I used to be racked with worry, fear, and guilt about money too. I thought

  • what if I’m spending too much now so I won’t have enough later
  • what if my investments aren’t in the right stuff
  • what if I make a bad decision and I don’t have time to recover
  • what if my investments aren’t making enough
  • what if I run out of money before I run out of life

So we sit and think, what if I’m not doing it right?

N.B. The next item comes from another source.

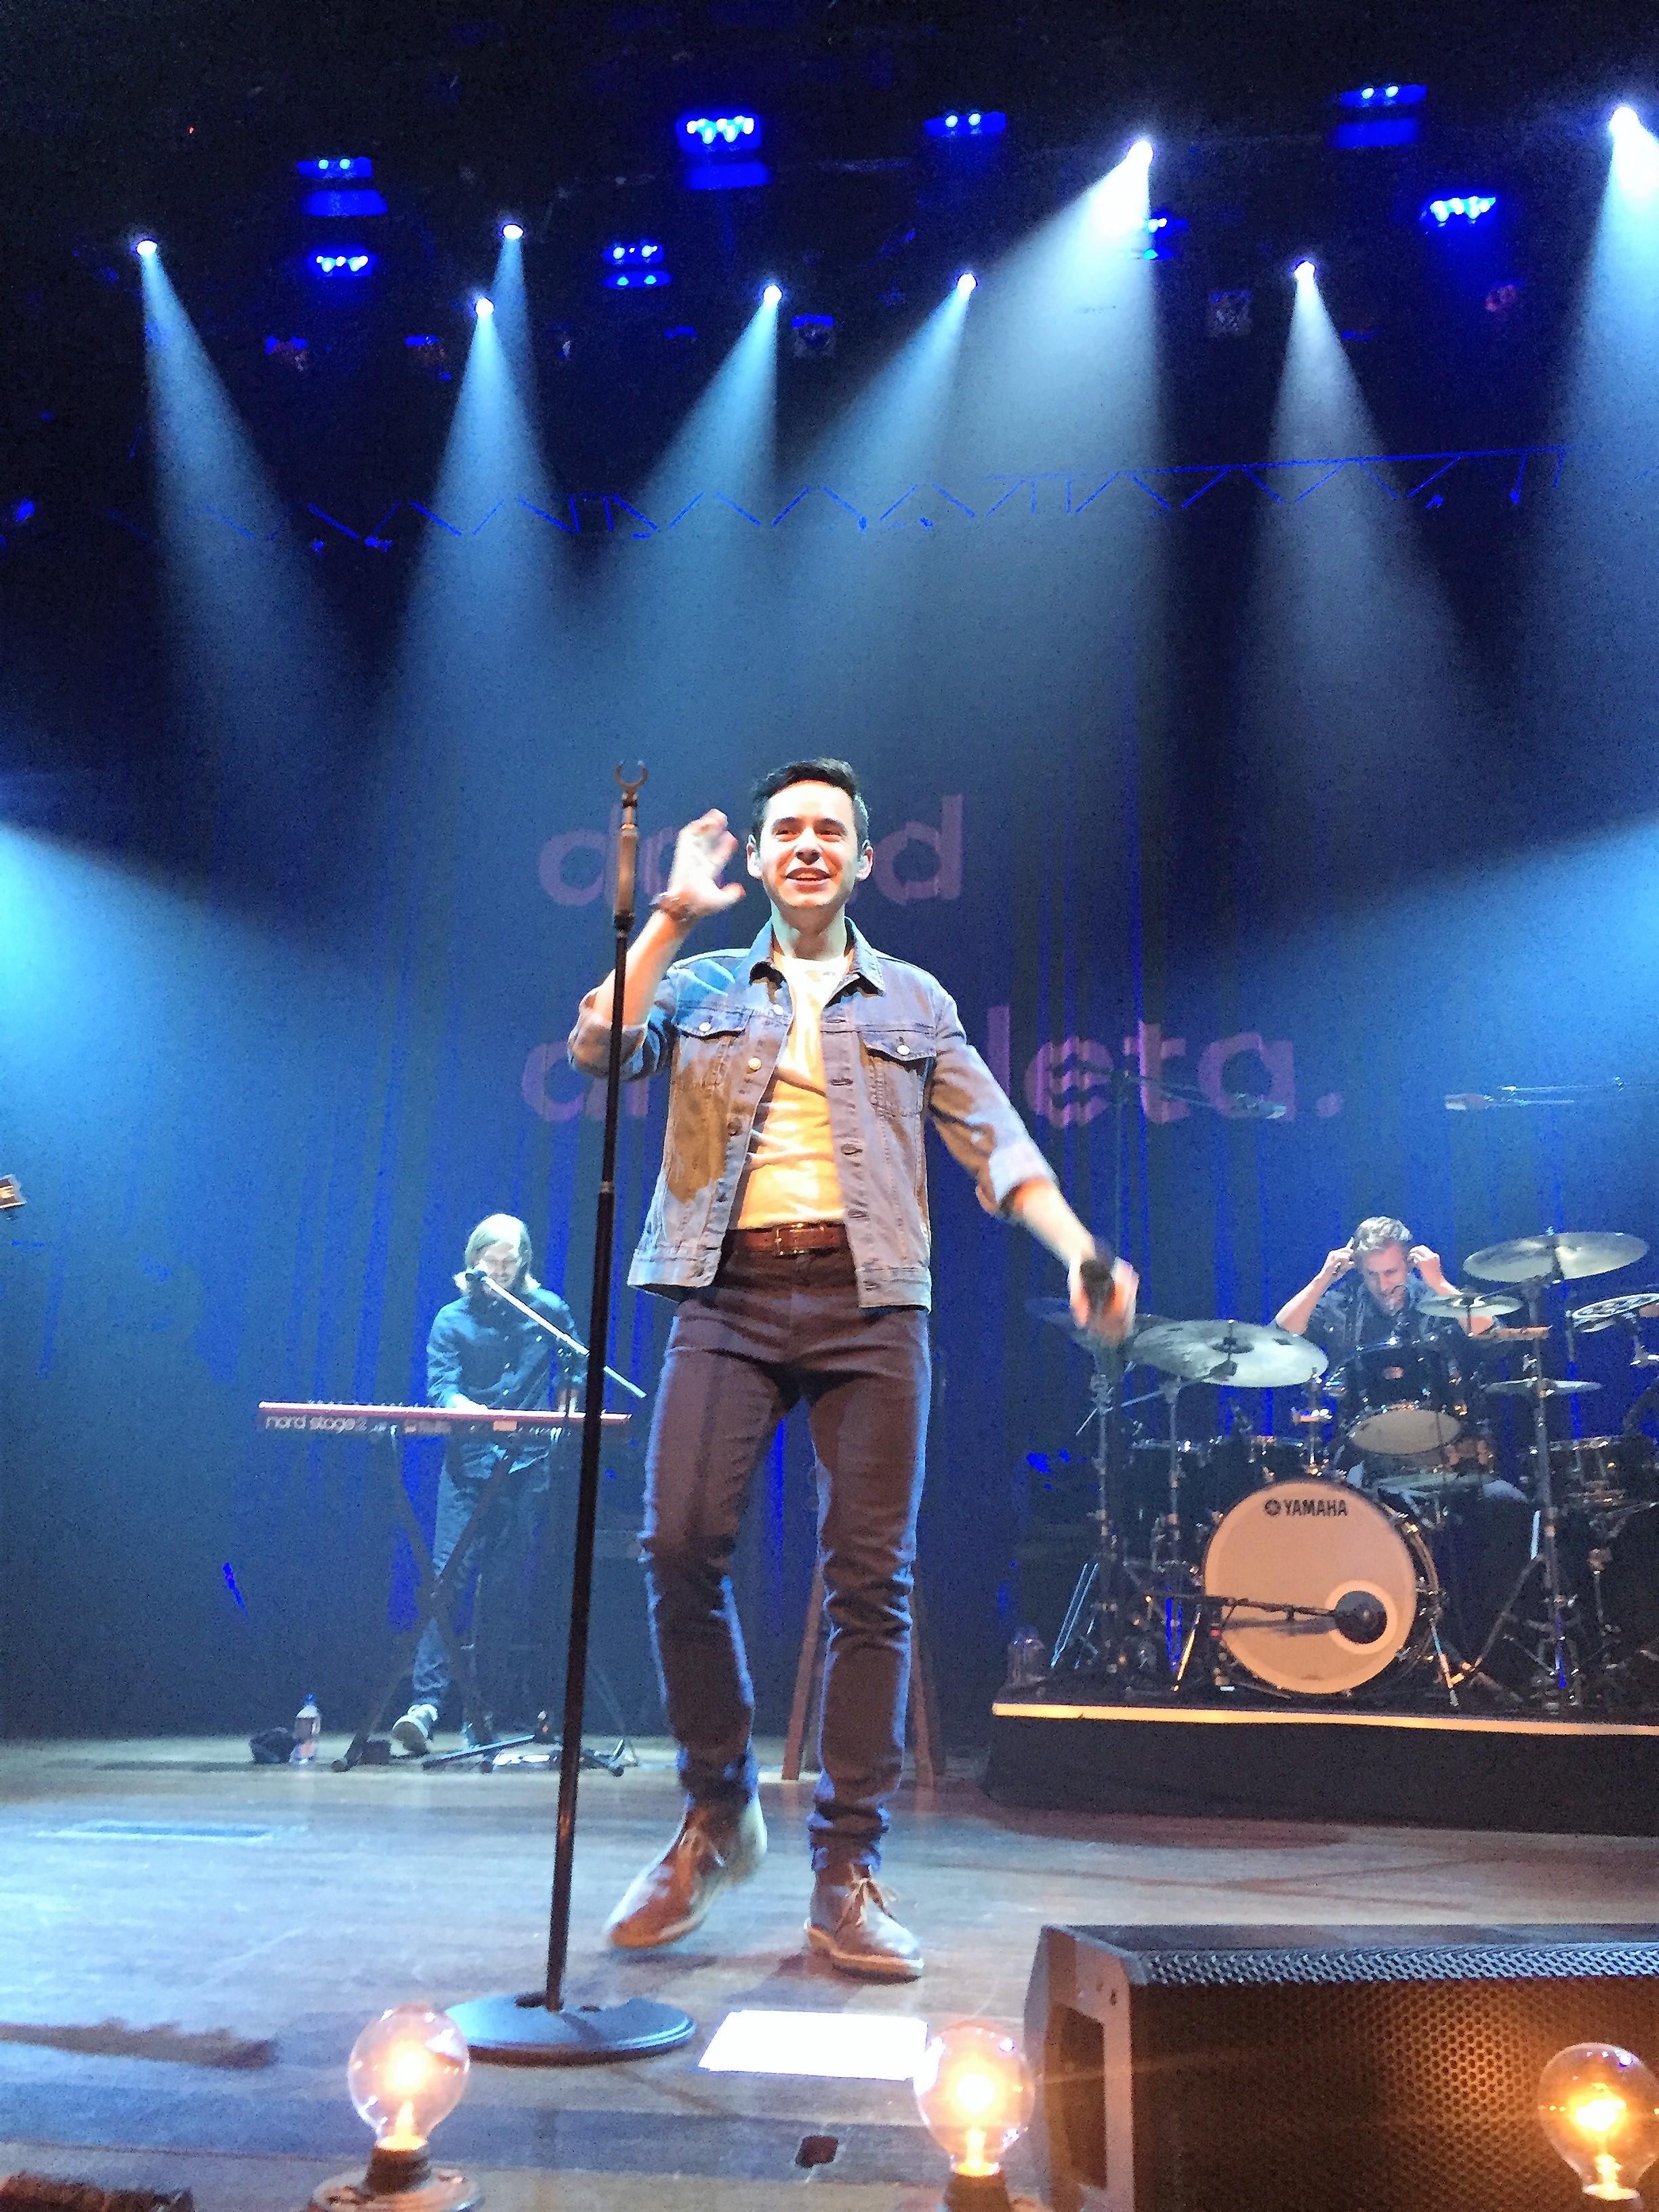 David Archuleta walking onstage in Franklin Tennessee

If we’re stuck thinking that way with worry, we never change to doing or figuring out the answers. Part of mastering money is that instead of picking some random age to stop working – whether it’s age 35 or age 65, we start thinking about moving FROM something (a dead-end job) TO something (pursuing some passion in life). We focus on figuring out the answers and

  • knowing there is enough
  • having confidence in the plan
  • joy to start the next chapter of life

instead of worrying. The things we would get tomorrow if we change what we do with our money today.

If I don’t have a car payment

  • I’ll be able to have another $1,000,000 later on
  • I’m not going to have to work until I’m physically unable to
  • I’m going to be able to spend more time with my family

When I increase my savings

  • I’m going to have my money making me more money than my salary
  • I’ll be able to take a lower paying job I love more, and still come out ahead
  • I’m going to have money for my kid’s college and my retirement

If you start thinking about all those things that are positive from where you are now to where you would like to be, you start making better choices.